Senchas Már

Senchas Már (Old Irish for "Great Tradition") is the largest collection of early Irish legal texts, compiled into a single group sometime in the 8th century, though individual tracts vary in date. These tracts were almost certainly written by a variety of authors, though some suggest that certain authors wrote more than one of the included tracts. The collection was apparently made somewhere in the north midlands. The Senchas Már tracts have been subjected to the greatest amount of glossing and commentary in later manuscripts. Moreover, one of the few examples of Old Irish glossing has been given to the various texts of Senchas Már. These glosses were apparently made in Munster.

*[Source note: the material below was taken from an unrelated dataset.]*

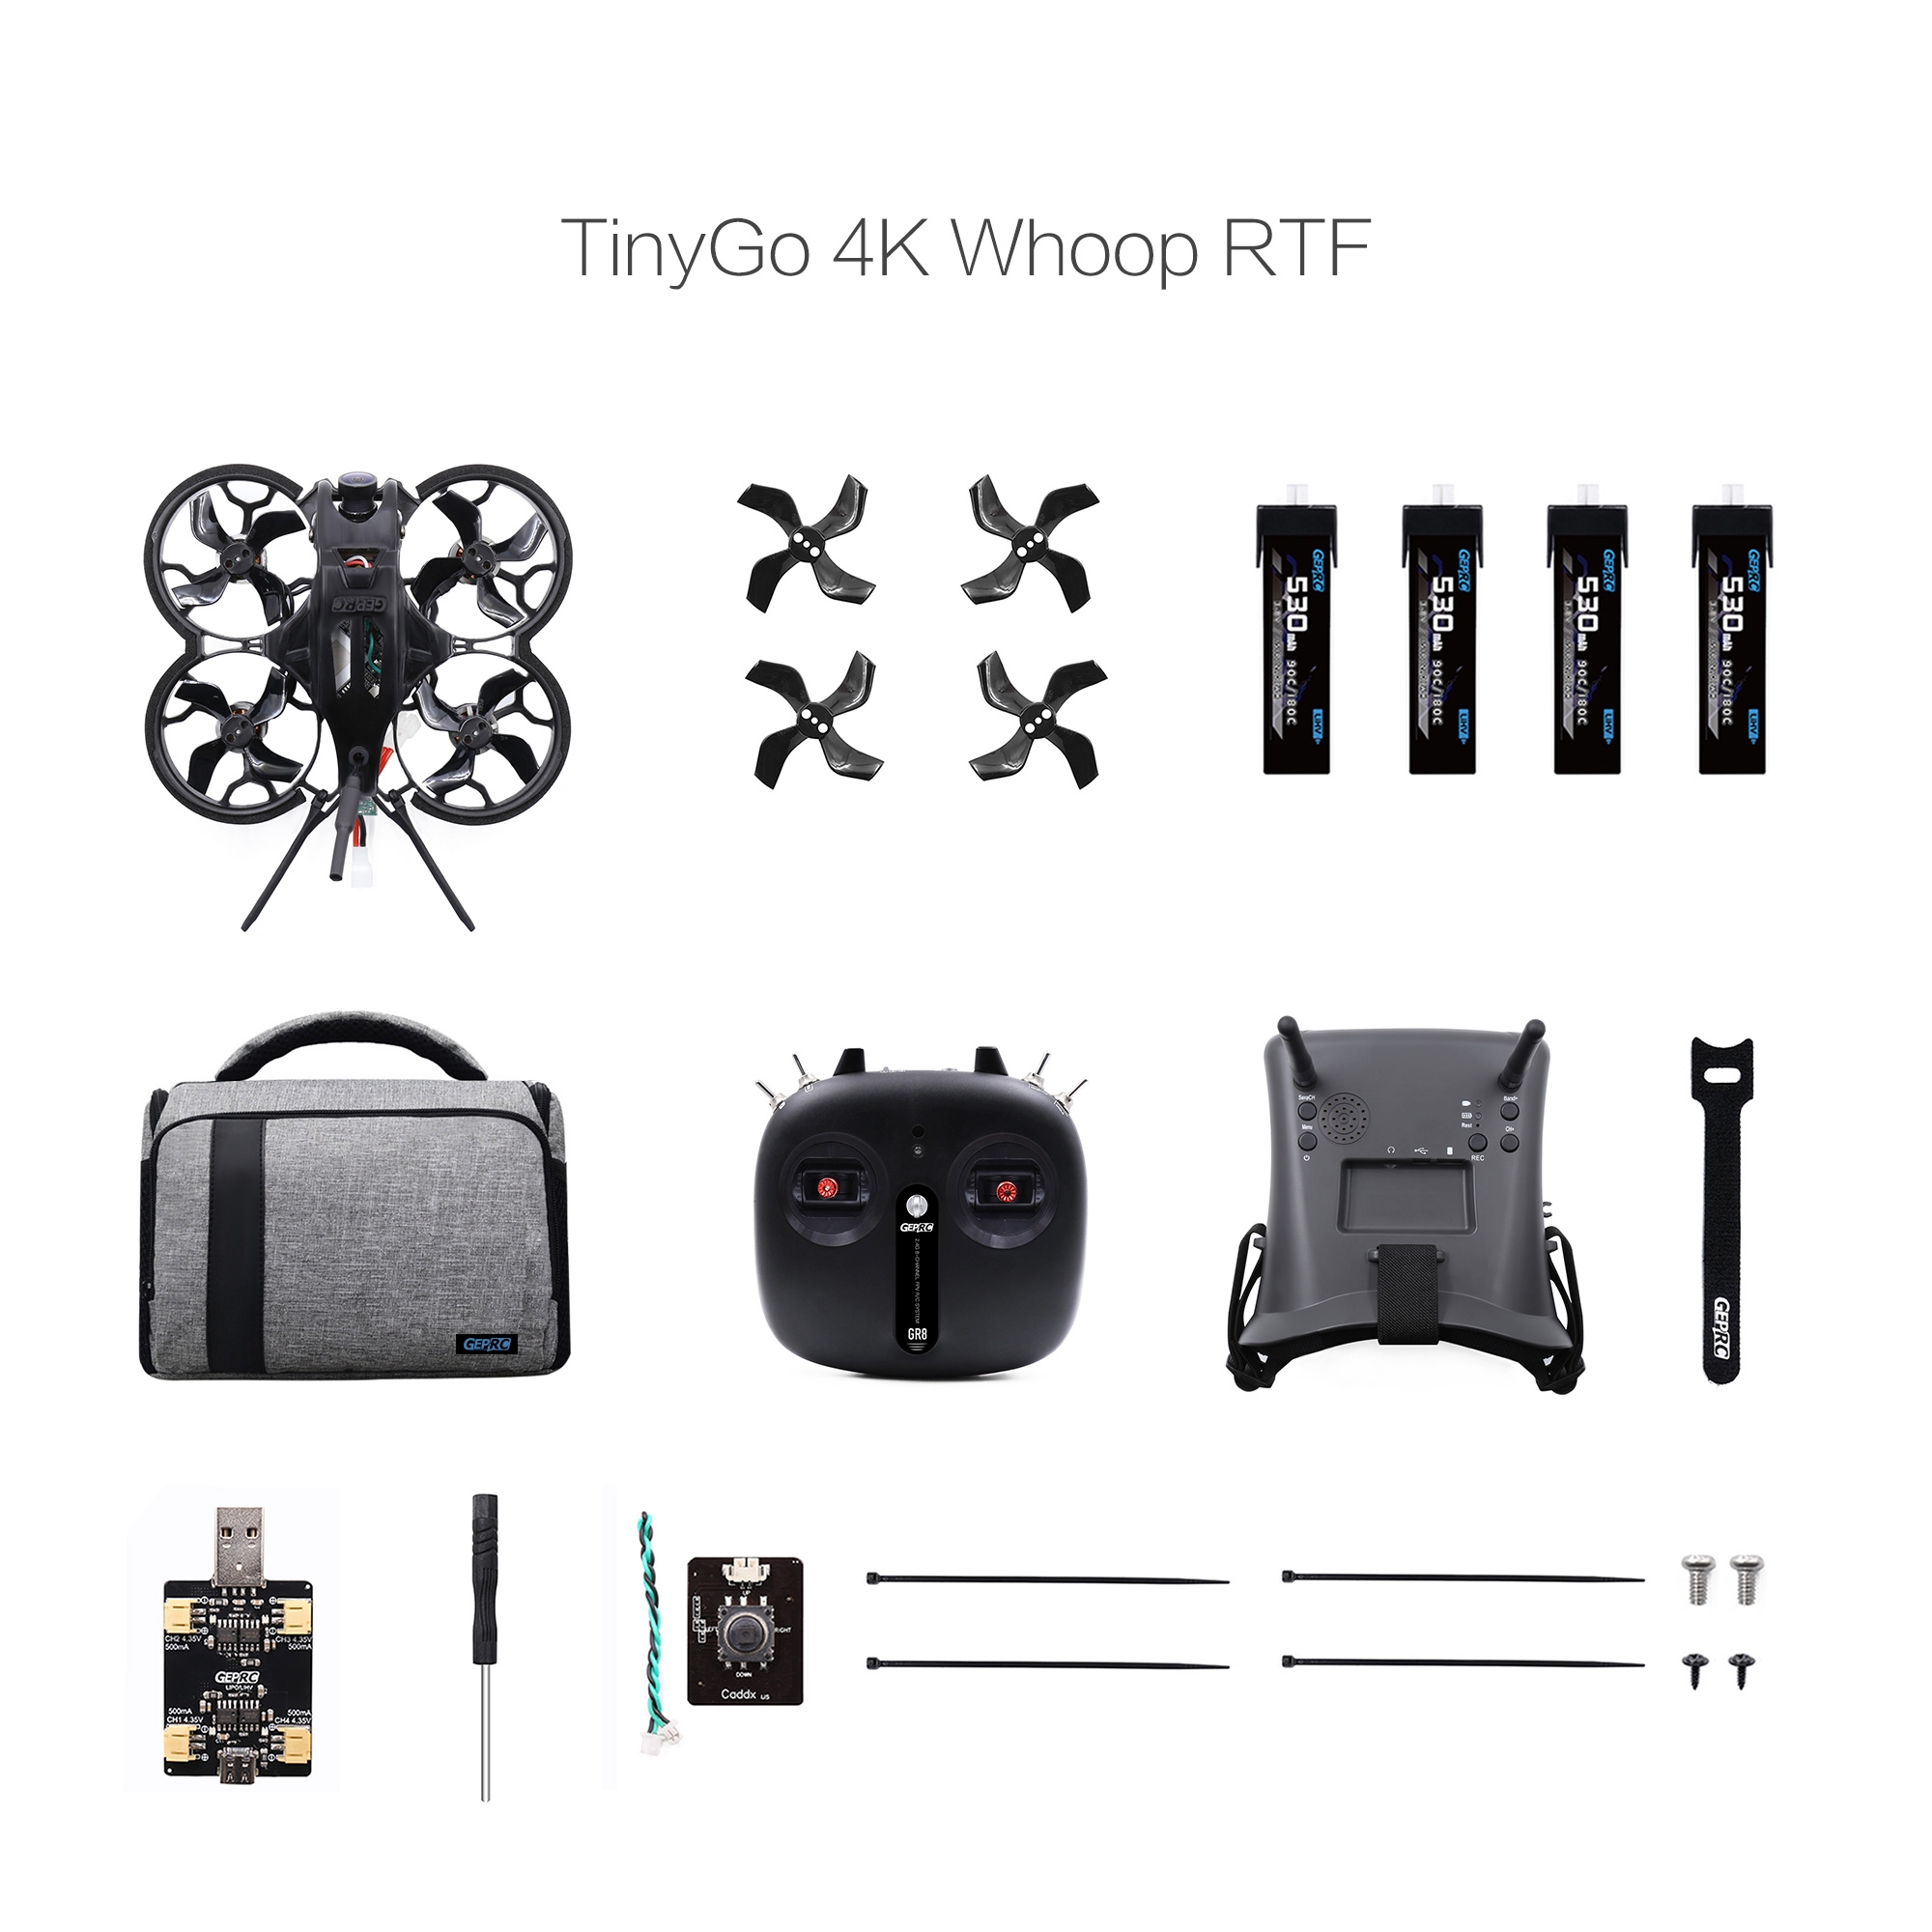 $251.99 for GEPRC TinyGO 1.6inch 2S 4K Caddx Loris FPV Indoor Whoop+GR8 Remote Controller+RG1 Goggles RTF Ready To Fly FPV Racing RC Drone

The text has been arranged into thirds; three was apparently an important number to the Irish. A number of laws were grouped into threes, called triads—a practice also common in the Welsh. One scholar has recently suggested that there were a number of groups of six including one single tract, generally from the first third, two contiguous tracts generally in the second third, and three contiguous tracts from the third third. Each group of six is theorised as related to each other in various ways. The prologue ascribes the authorship of the book to a committee of nine appointed by St Patrick to revise the laws. It was composed of three kings, three bishops, and three professors of literature, poetry, and law. Chief among the latter was Dubthach. It became his duty to give a historical retrospect, and in doing so he exhibited "all the judgments of true nature which the Holy Ghost had spoken from the first occupation of this island down to the reception of the faith. What did not clash with the word of God in the written law and in the New Testament and with the consciences of believers was confirmed in the laws of the brehons by Patrick and by the ecclesiastics and chieftains of Ireland. This is the Senchus Mor."